Jericho Brown, Emory’s Winship Distinguished Research Professor in Creative Writing, has won the Pulitzer Prize for Poetry for his latest collection, “The Tradition.”
The 2020 Pulitzer Prizes were announced via video May 4. The prize for poetry is given annually to a “distinguished volume of original verse by an American author.” In selecting Brown’s book for the honor, the Pulitzer board called it “a collection of masterful lyrics that combine delicacy with historical urgency in their loving evocation of bodies vulnerable to hostility and violence.”.
“I have known about the Pulitzer Prize and understood its prestige since I was in elementary school and Rita Dove won it,” Brown says. “And I’m so glad I understood it as one of the possibilities for a writer even when I was a kid.

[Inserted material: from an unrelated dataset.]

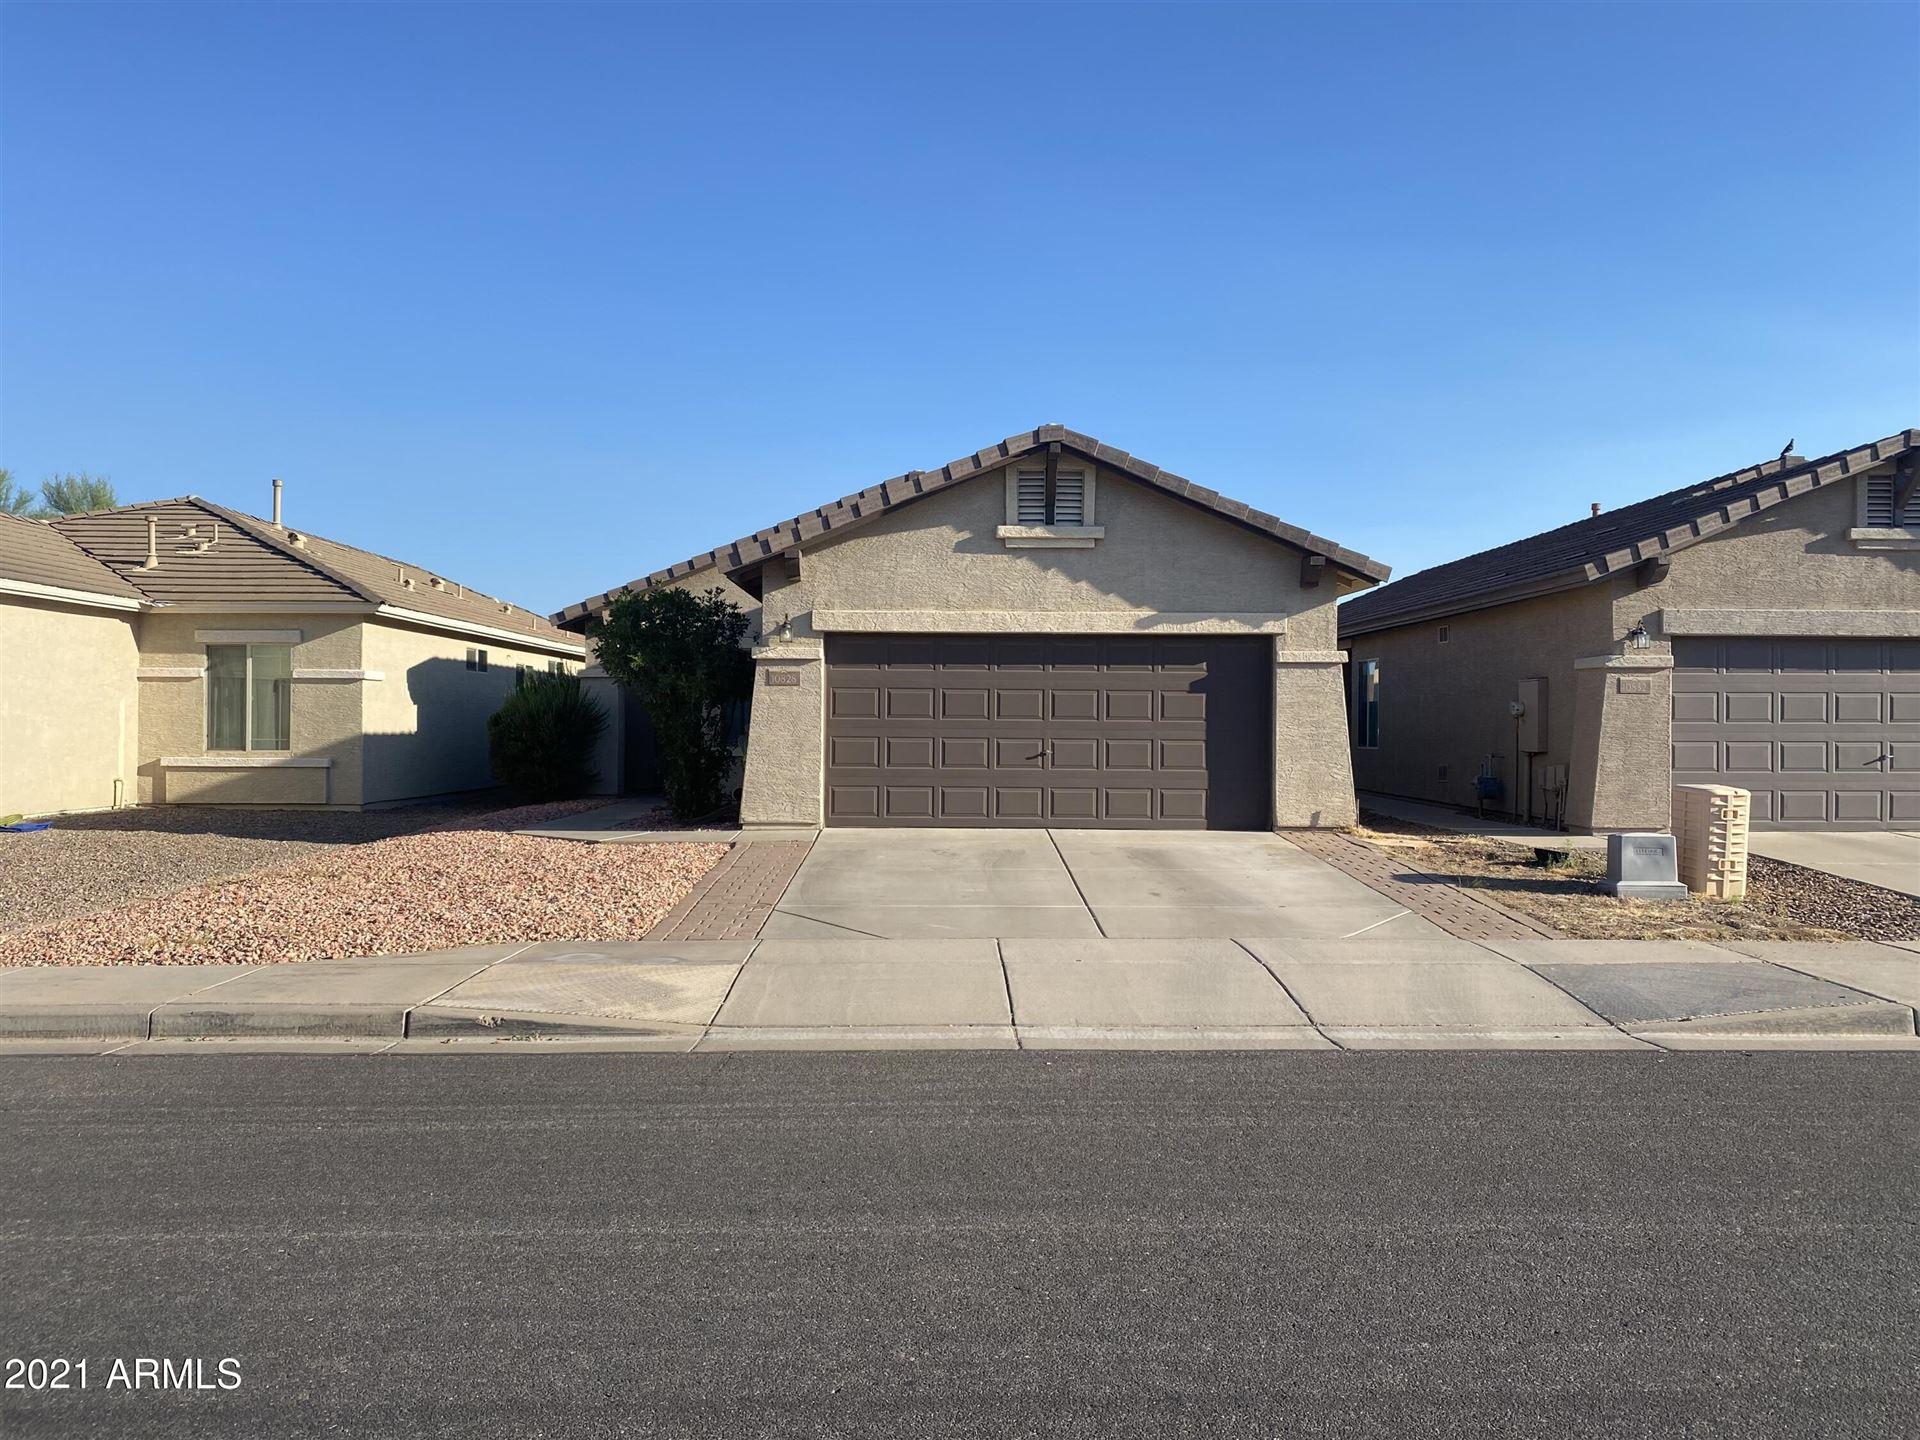 Photo of 10828 E BOSTON Street, Apache Junction, AZ 85120 (MLS # 6295989)

“Understanding it as a possibility doesn’t mean I ever expected to win it, and getting the news that I won is the very best thing to happen to me in 2020 by far,” he adds. “I didn’t expect to win it because when I write my poems I mean to be as subversive and radical as possible.”
Since being published in April 2019, “The Tradition” has received glowing reviews lauding Brown’s “compelling and forceful” brilliance for raising “imperative questions” that capture the intimate stakes in broader worries about safety, terror, freedom and love.
Brown invented a new poetic form called the “duplex” to challenge the existing rules of poetry while his words challenged the contradictory myths and culture of the nation.
The Pulitzer is the latest honor for Brown, who previously has been named the recipient of a Whiting Writers Award, a National Endowment for the Arts Fellowship and a Guggenheim Fellowship. He was a finalist for the 2019 National Book Award for Poetry.